Work instruction:
Retype all of the data word for word, without pictures.

Data:
#####
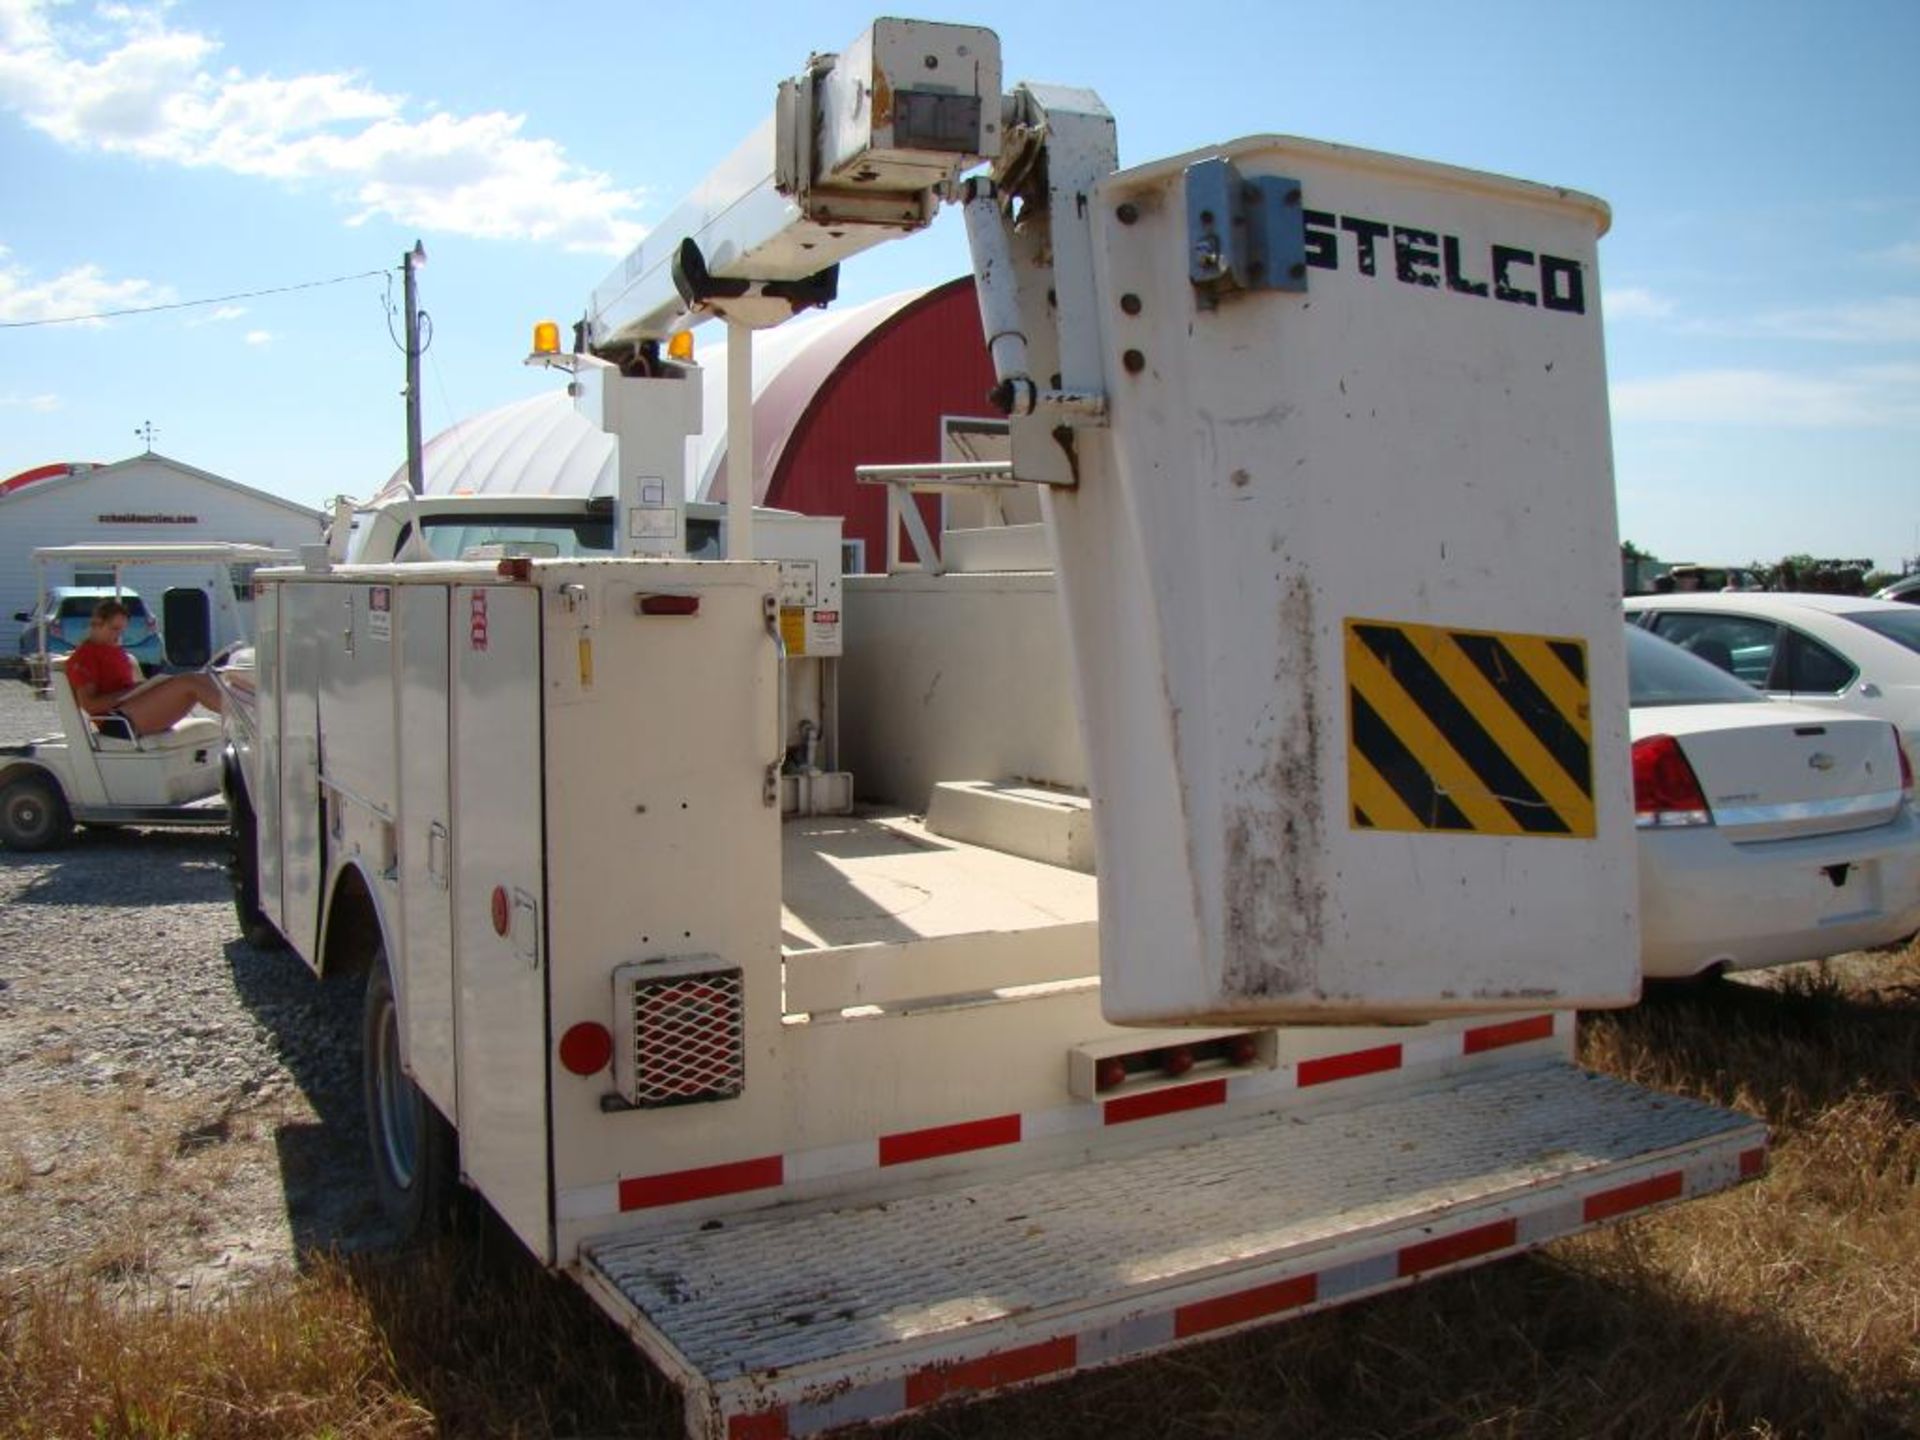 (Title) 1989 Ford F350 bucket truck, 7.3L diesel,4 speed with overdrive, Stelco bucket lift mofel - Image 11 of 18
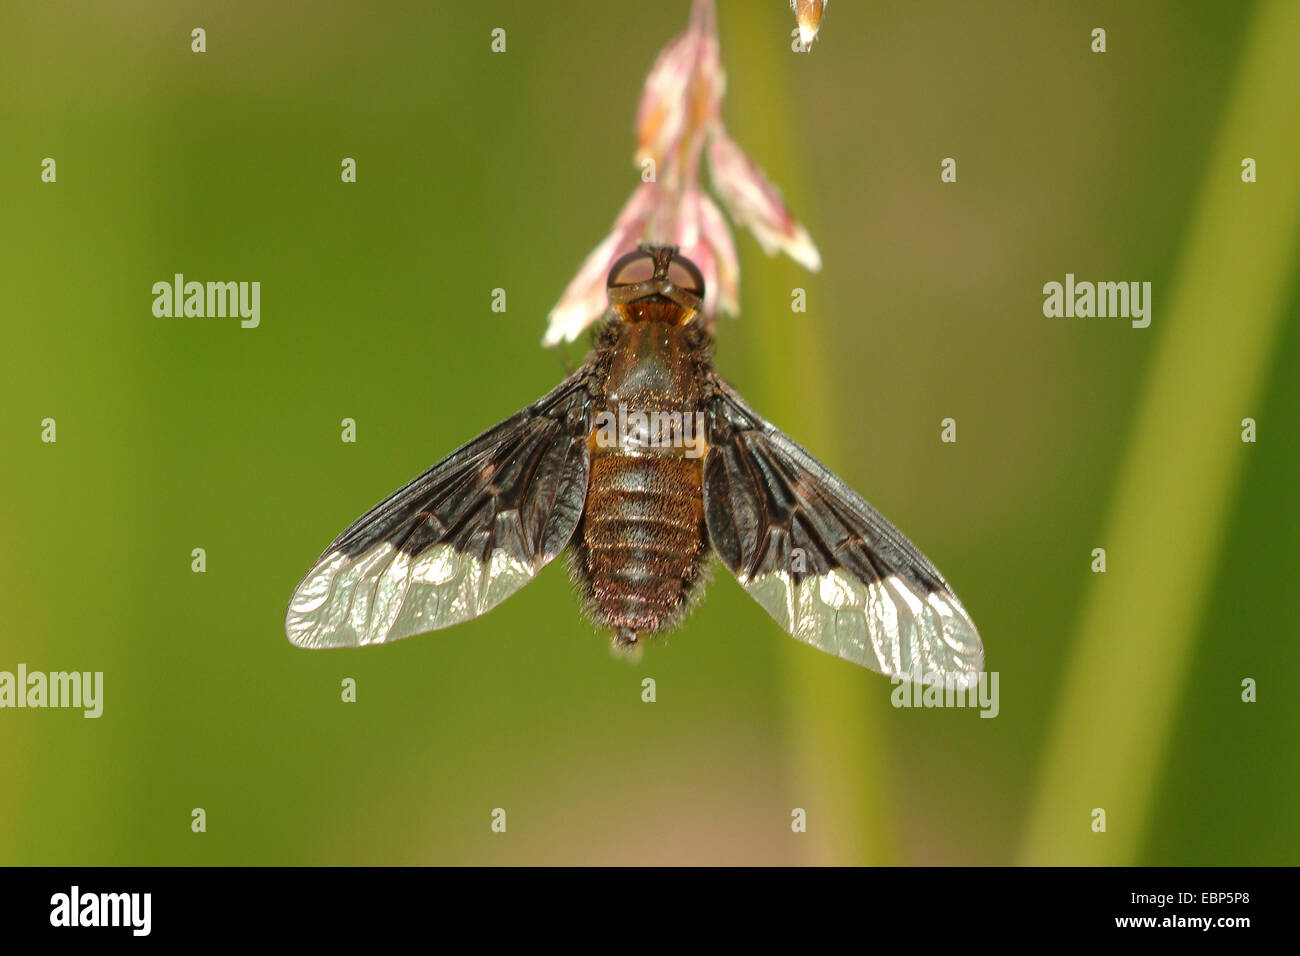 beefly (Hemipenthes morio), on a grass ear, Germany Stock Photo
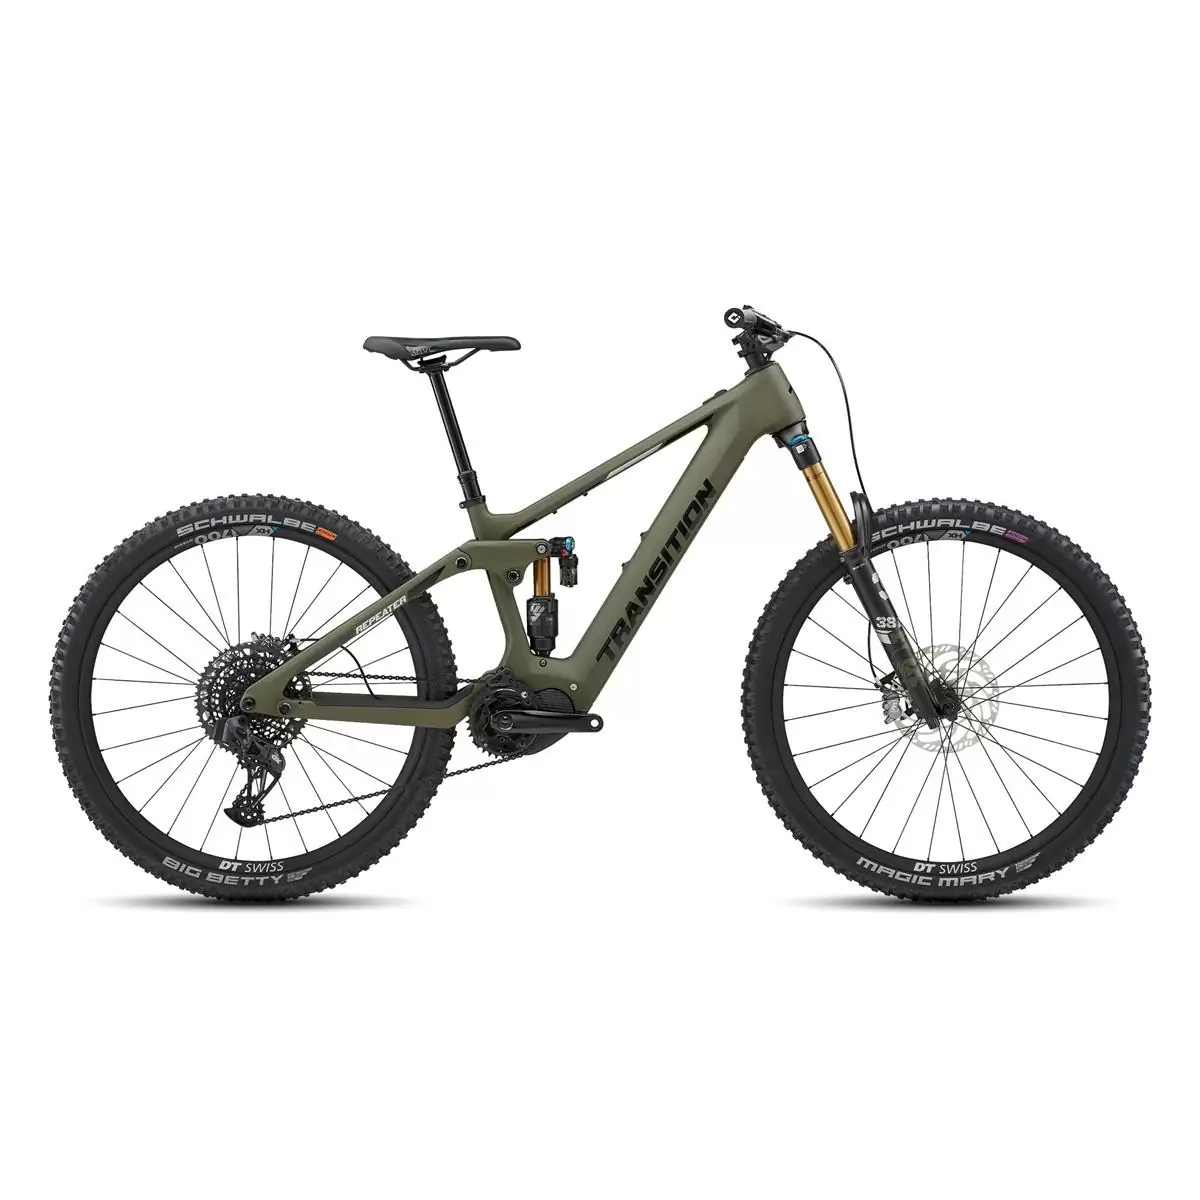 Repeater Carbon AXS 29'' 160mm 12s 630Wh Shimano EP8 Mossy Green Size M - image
#####
Answer to the exercise:
 (Title) 1989 Ford F350 bucket truck, 7.3L diesel,4 speed with overdrive, Stelco bucket lift mofel - Image 11 of 18
 beefly (Hemipenthes morio), on a grass ear, Germany Stock Photo
 Repeater Carbon AXS 29'' 160mm 12s 630Wh Shimano EP8 Mossy Green Size M - image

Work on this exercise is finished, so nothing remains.